Since the pictures are not wanted, retype the listing below exactly and without them.

━━━ Provided data ━━━

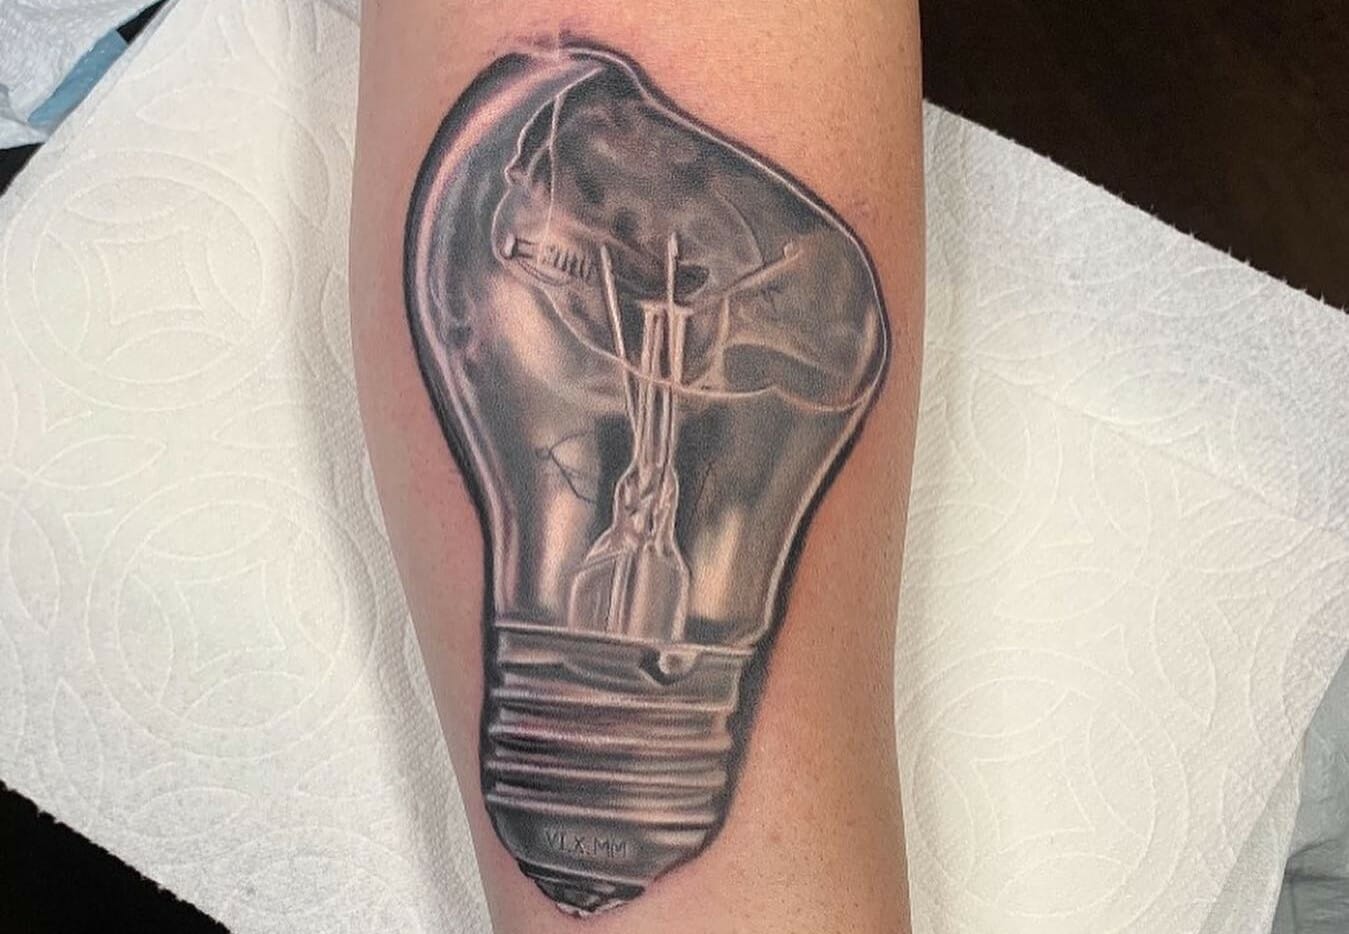 10 Best Electrician Tattoo Ideas That Will Blow Your Mind!

+2023
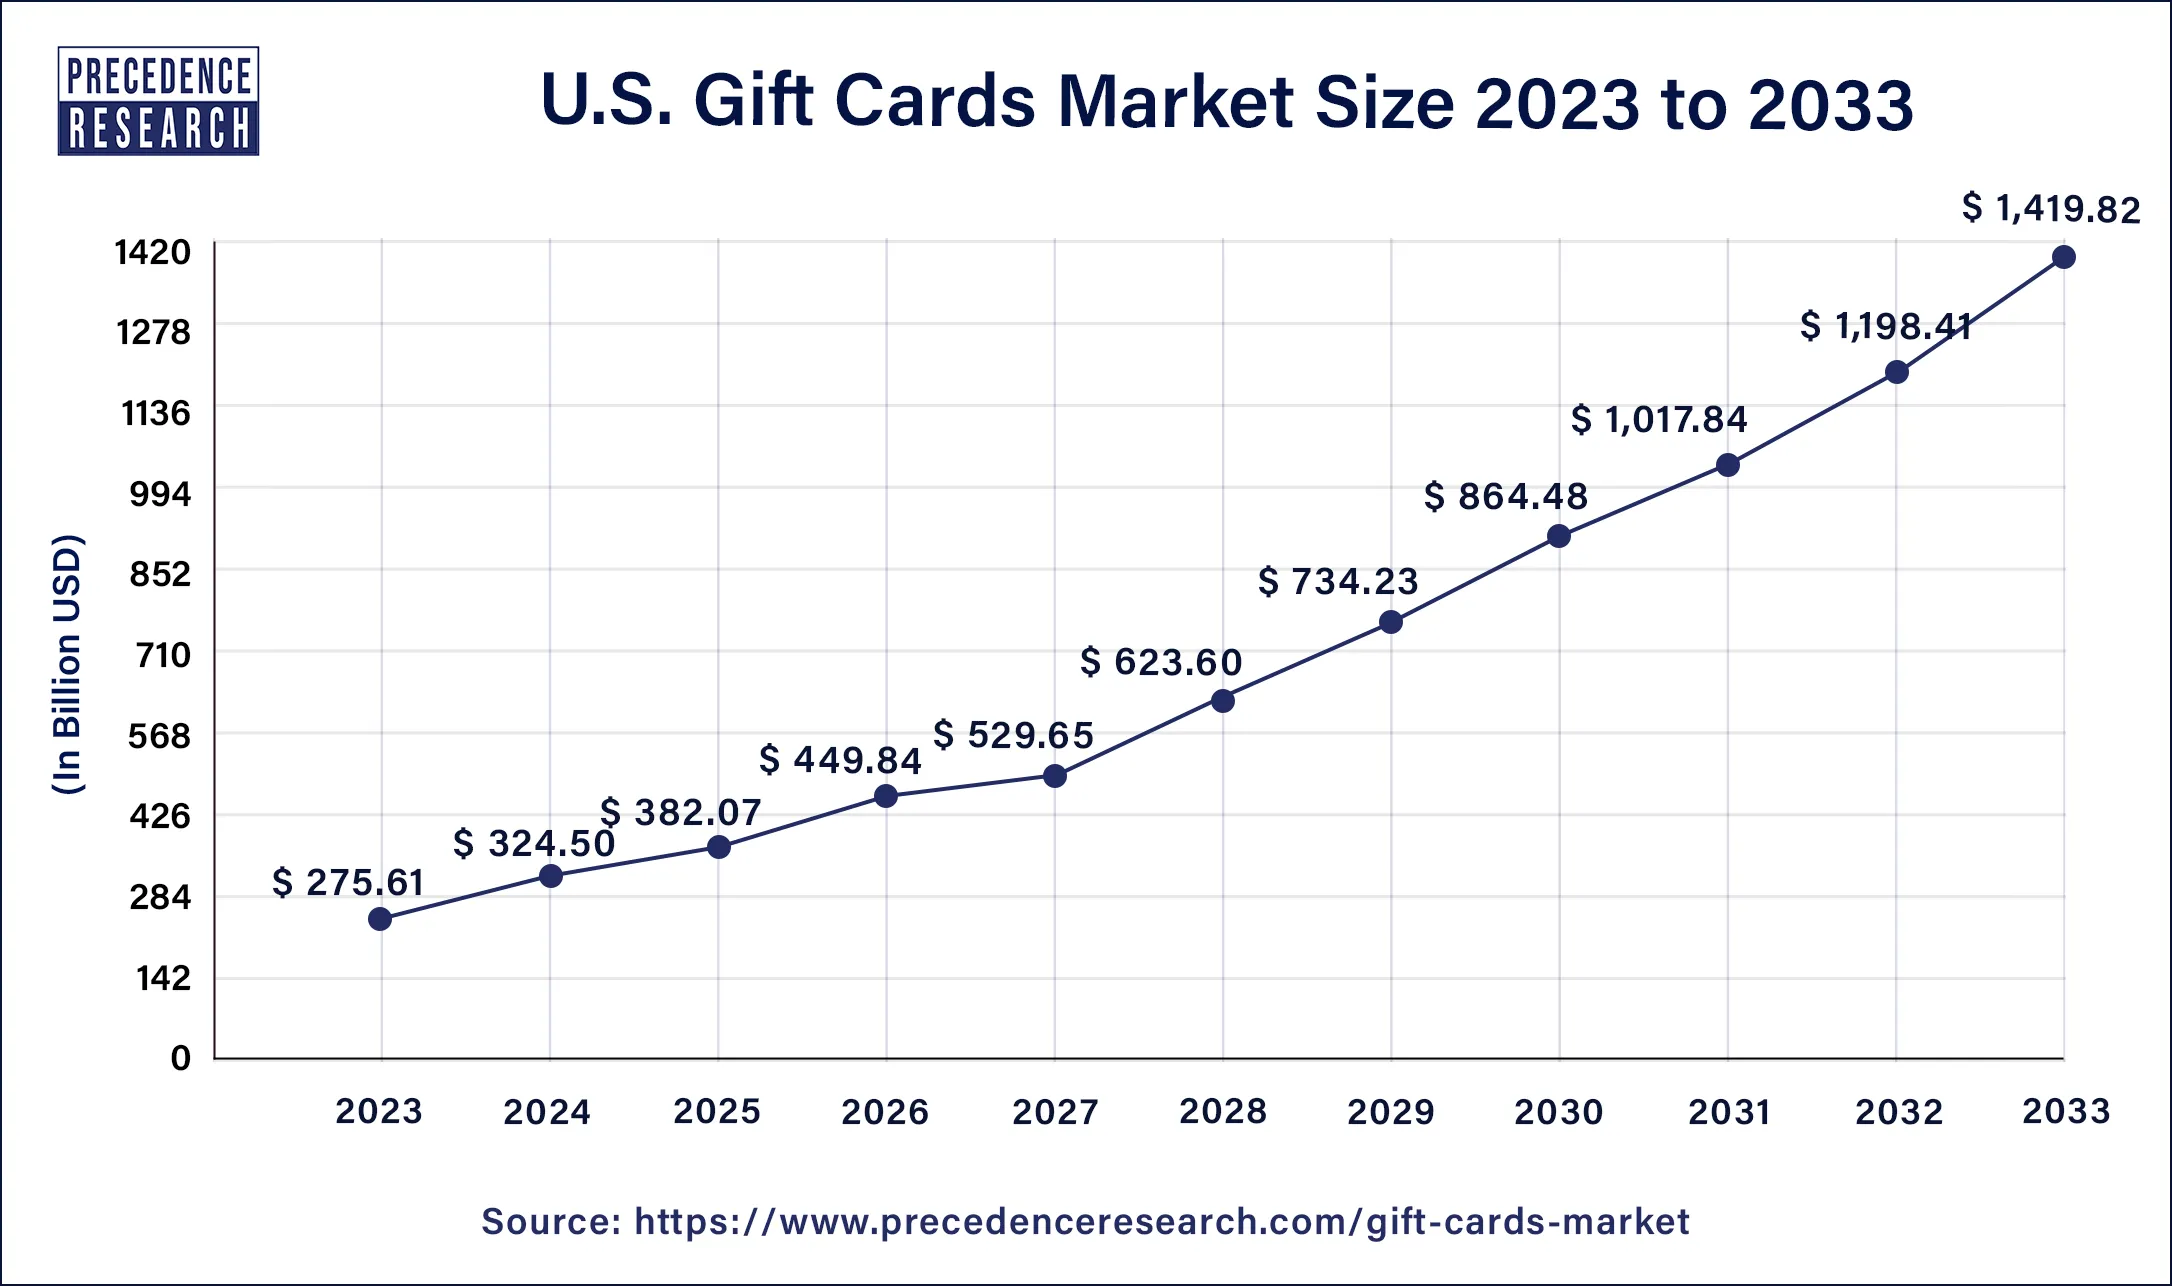 U.S. Gift Cards Market Size 2024 to 2033

━━━

### [Solution]
 10 Best Electrician Tattoo Ideas That Will Blow Your Mind!

+2023
 U.S. Gift Cards Market Size 2024 to 2033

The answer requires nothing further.